Ploidy for non-clonal genomes is always 2,  but for the internal algorithms ploidy 1 means that the genome is relatively inbred and ploidy 2 means that it is relatively outbred. The reasoning is that in most genomes there is a proportion of the sequence that is conserved between the two haplotypes, and then there is proportion of sequence that is divergent.  I treat ploidy as measurement of ratio of the total amount of unique sequence in the genome / haploid genome size. This is a number between 1 and 2.  1 means no divergence ( the homologous chromosomes are identical) and 2 means two haplotypes are 100% different.  At this time I do not treat this as a floating parameter between 1 and 2,  but instead I set a threshold in the middle based on heuristical computation.  This is an over-simplification and I will introduce a refinement of this parameter in later versions.

Triticum Aestivum (Bread Wheat) assembly paper is out.

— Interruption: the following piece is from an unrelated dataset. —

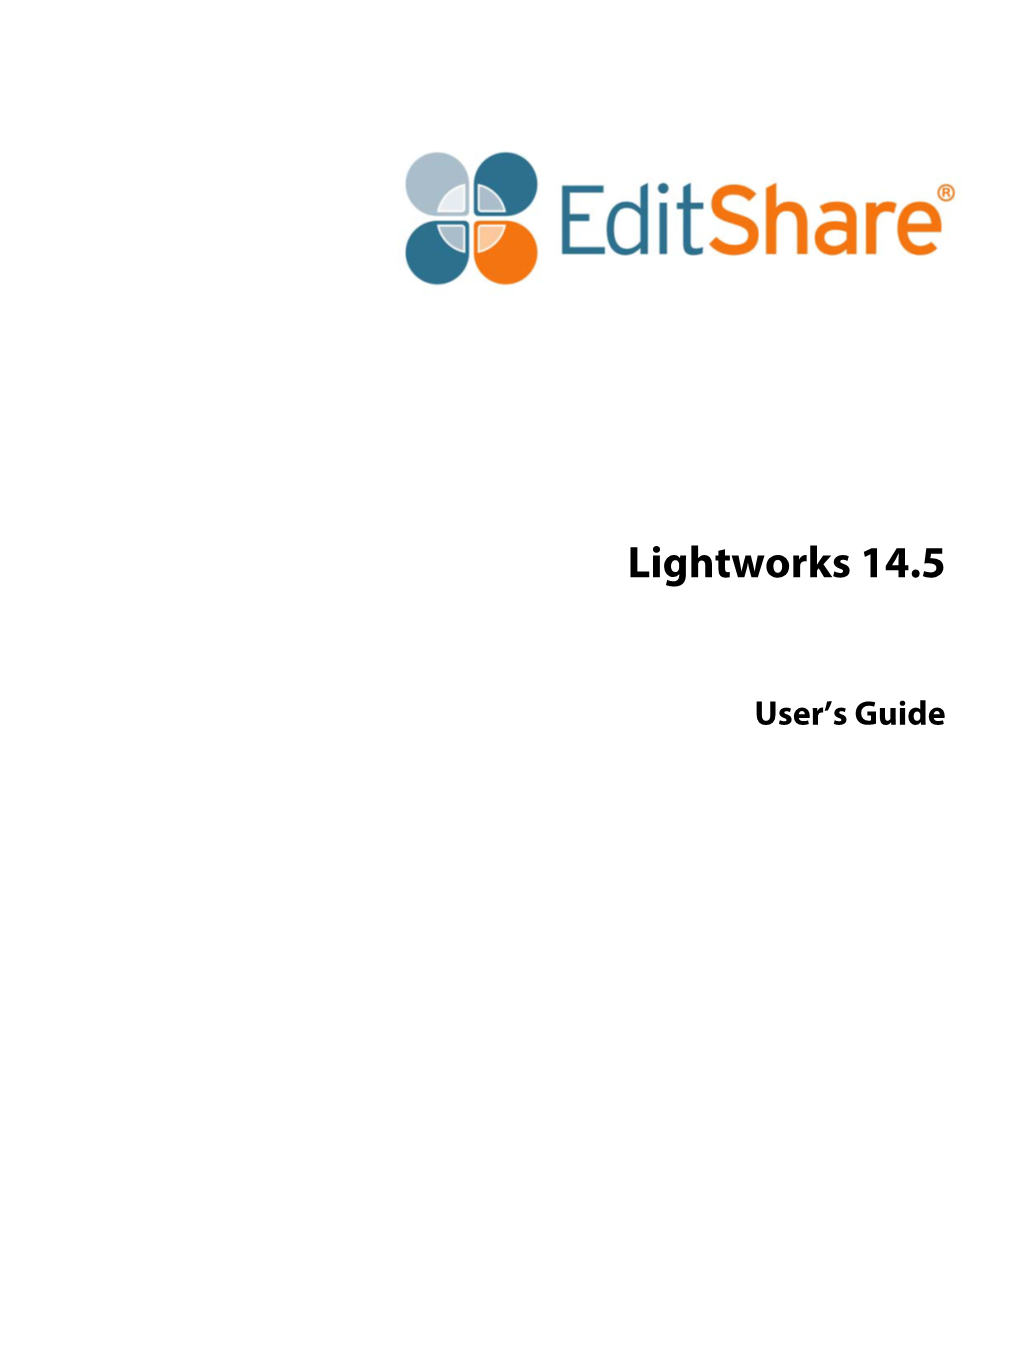 Lightworks V14.5 User Guide

Triticum Aestivum (Bread Wheat) assembly paper has just appeared in GigaScience.  100 CPU-years to assemble Bread Wheat 16Gb genome with MaSuRCA and Falcon!!!

Wednesday, September 27, 2017

MaSuRCA hybrid assembly strategy and recent results on Illumina and Oxford Nanopore data video presentation

I have just uploaded to YouTube ( my presentation on the latest MaSuRCA mega-reads results on assembly of Illumina and Oxford Nanopore MinION human genome data.  In this presentation I describe a de novo human genome assembly of NA12878 data set with N50 contig size of over 1Mb from $10000 worth of sequencing data and outline MaSuRCA mega-reads strategy.